Zero-shot Context Biasing with Trie-based Decoding using Synthetic Multi-Pronunciation
This addresses the problem of limited training data and ambiguous pronunciations for rare words in ASR systems, representing an incremental improvement over existing contextual biasing methods.
The paper tackled the challenge of recognizing out-of-vocabulary words in contextual automatic speech recognition by proposing a zero-shot method that uses synthetic multi-pronunciation variants and trie-based decoding, resulting in a 43-44% reduction in biased-word error rate on the LibriSpeech dataset while keeping unbiased error rates stable.

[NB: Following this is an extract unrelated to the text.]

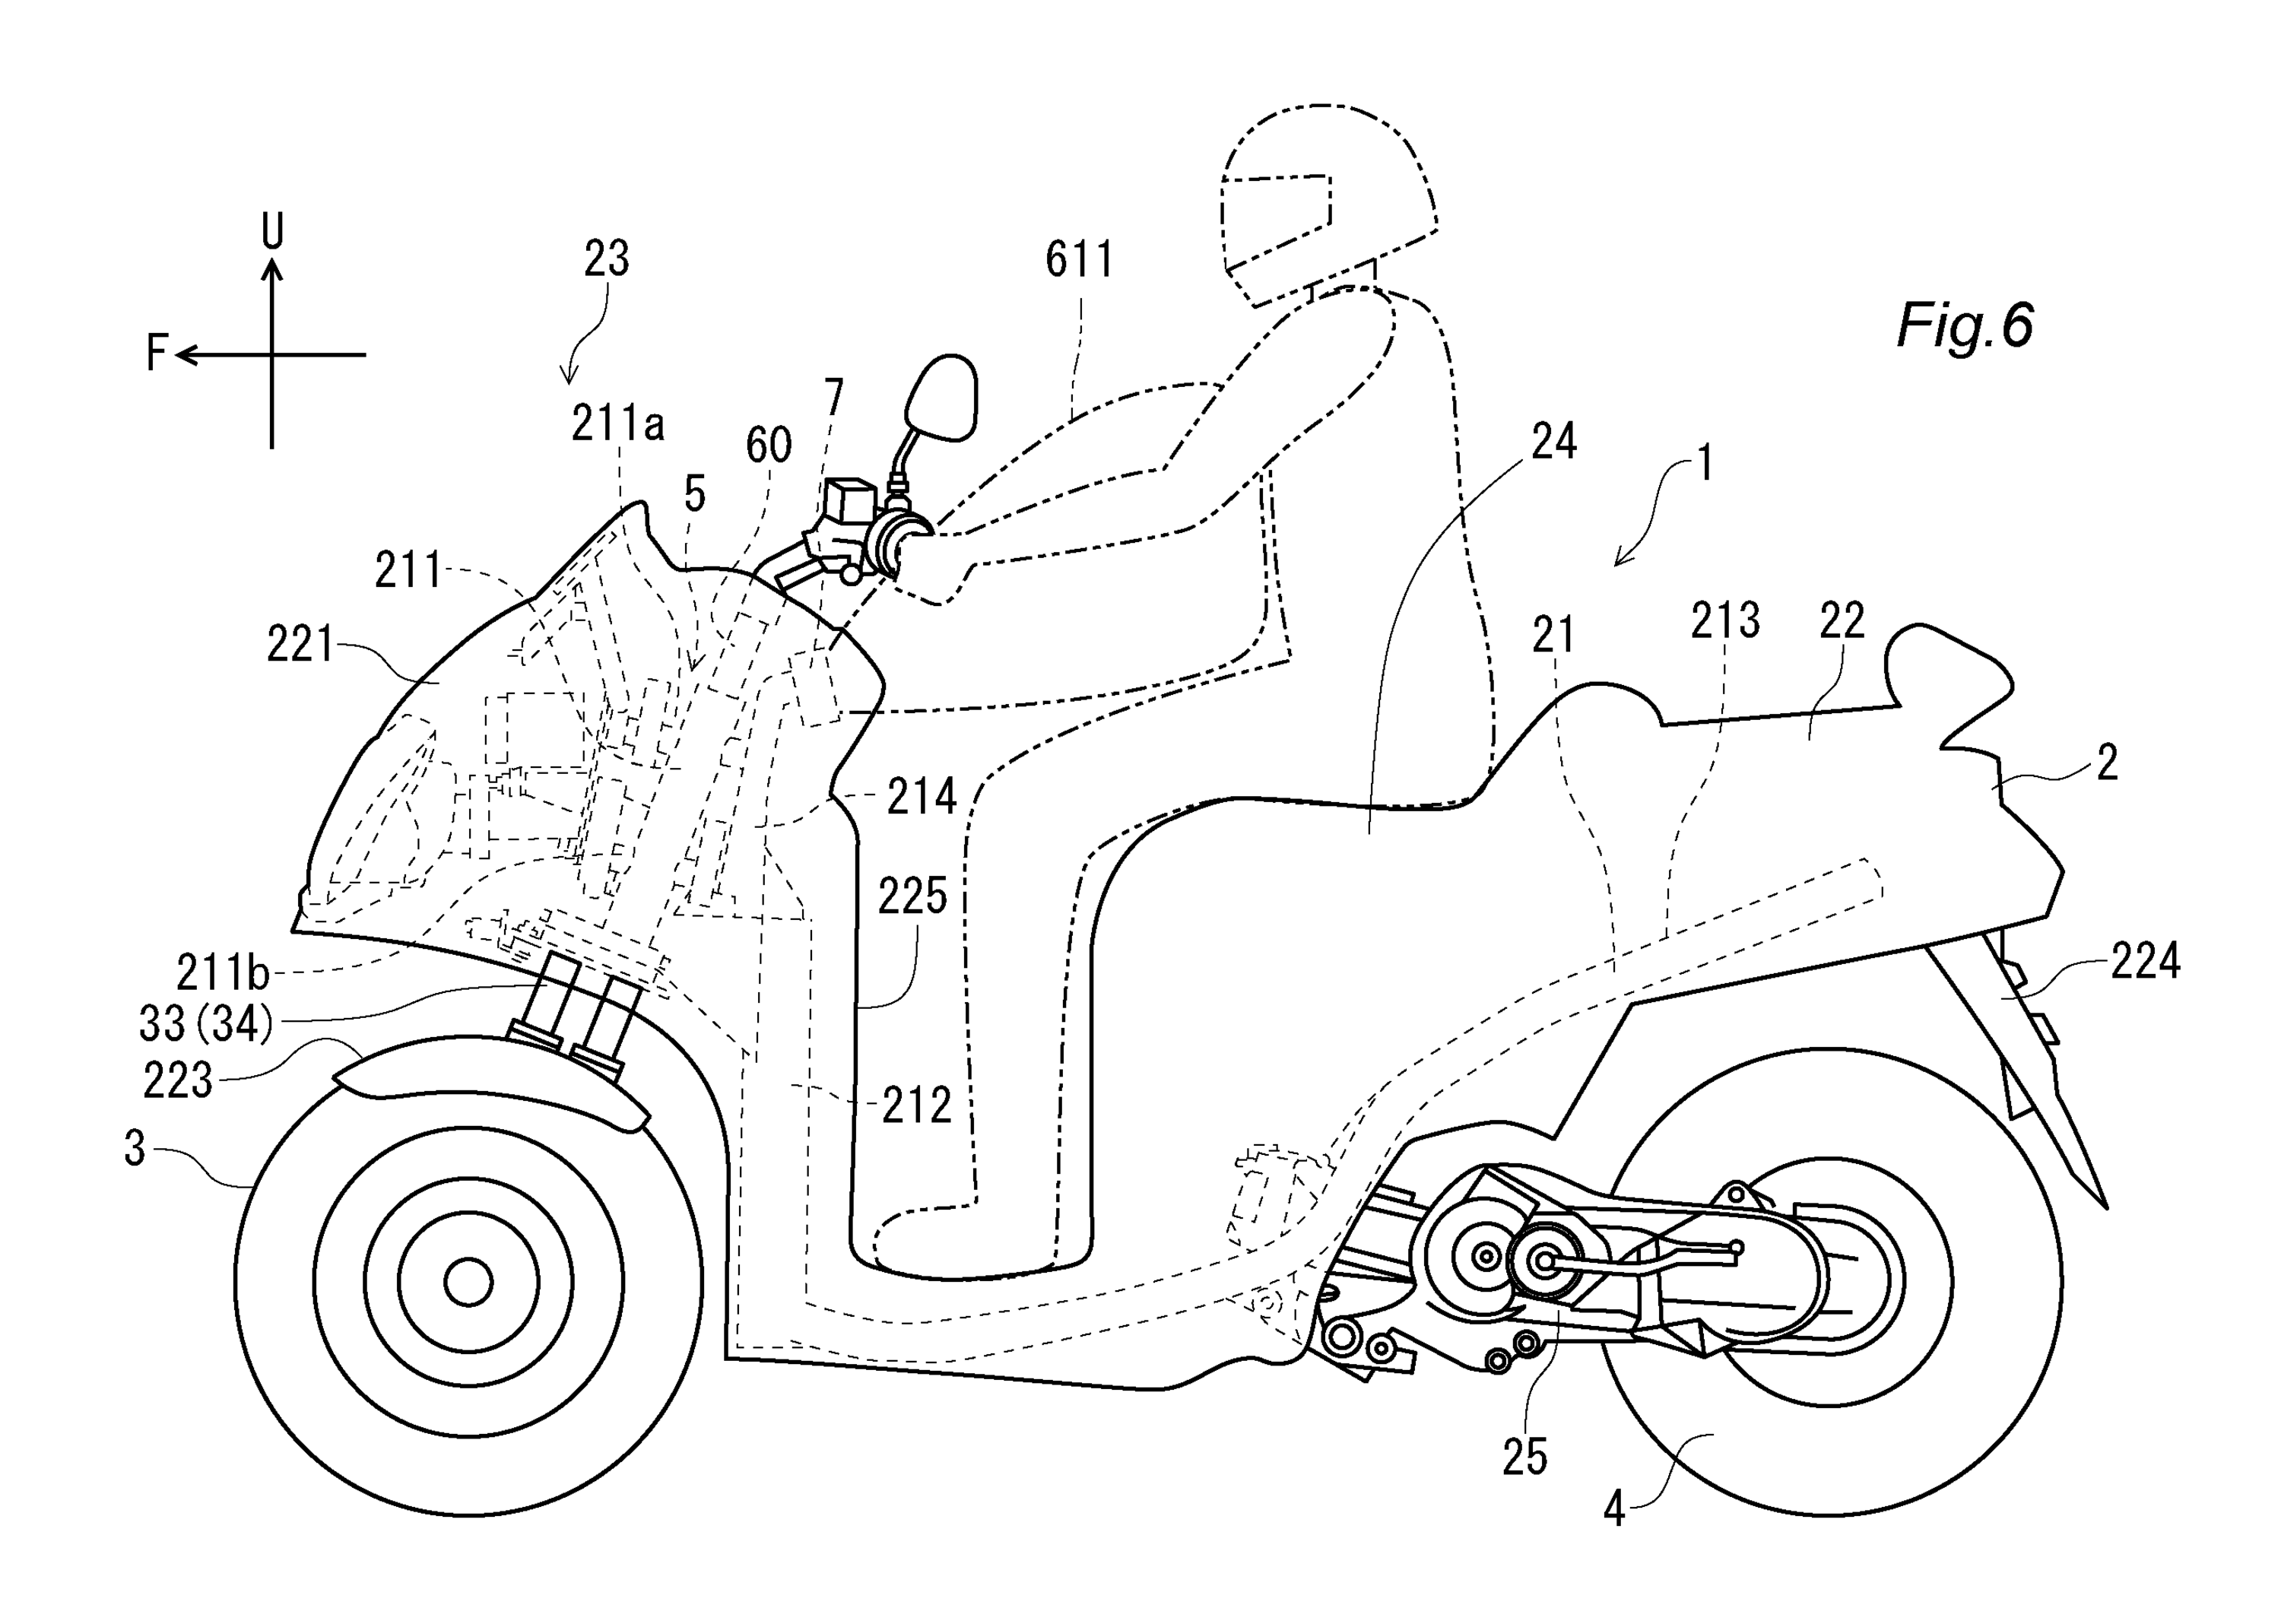 L&rsquo;Airbag per scooter e i brevetti Yamaha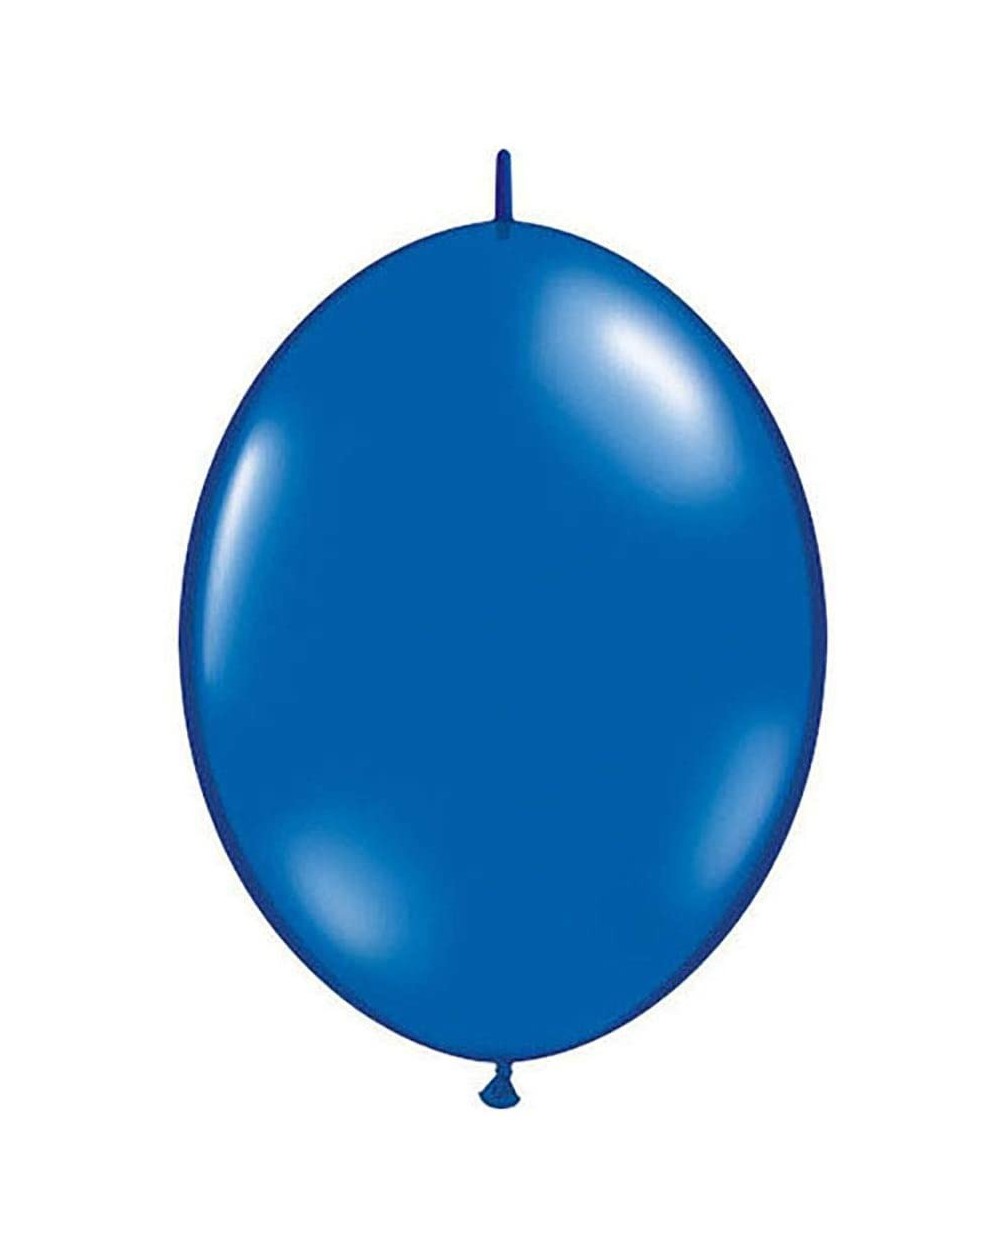 Balloons Pioneer Balloon 65248 QUICKLINK-SAPPHIRE BLUE- 12 - Sapphire Blue - CP11GB5F2OT $19.87

Contextual automatic speech recognition (ASR) systems allow for recognizing out-of-vocabulary (OOV) words, such as named entities or rare words. However, it remains challenging due to limited training data and ambiguous or inconsistent pronunciations. In this paper, we propose a synthesis-driven multi-pronunciation contextual biasing method that performs zero-shot contextual ASR on a pretrained Whisper model. Specifically, we leverage text-to-speech (TTS) systems to synthesize diverse speech samples containing each target rare word, and then use the pretrained Whisper model to extract multiple predicted pronunciation variants. These variant token sequences are compiled into a prefix-trie, which assigns rewards to beam hypotheses in a shallow-fusion manner during beam-search decoding. Subsequently, any recognized variant is mapped back to the original rare word in the final transcription. The evaluation results on the LibriSpeech dataset show that our method reduces biased-word error rate (B-WER) by 43% on test-clean and 44% on test-other while maintaining unbiased-WER (U-WER) essentially unchanged.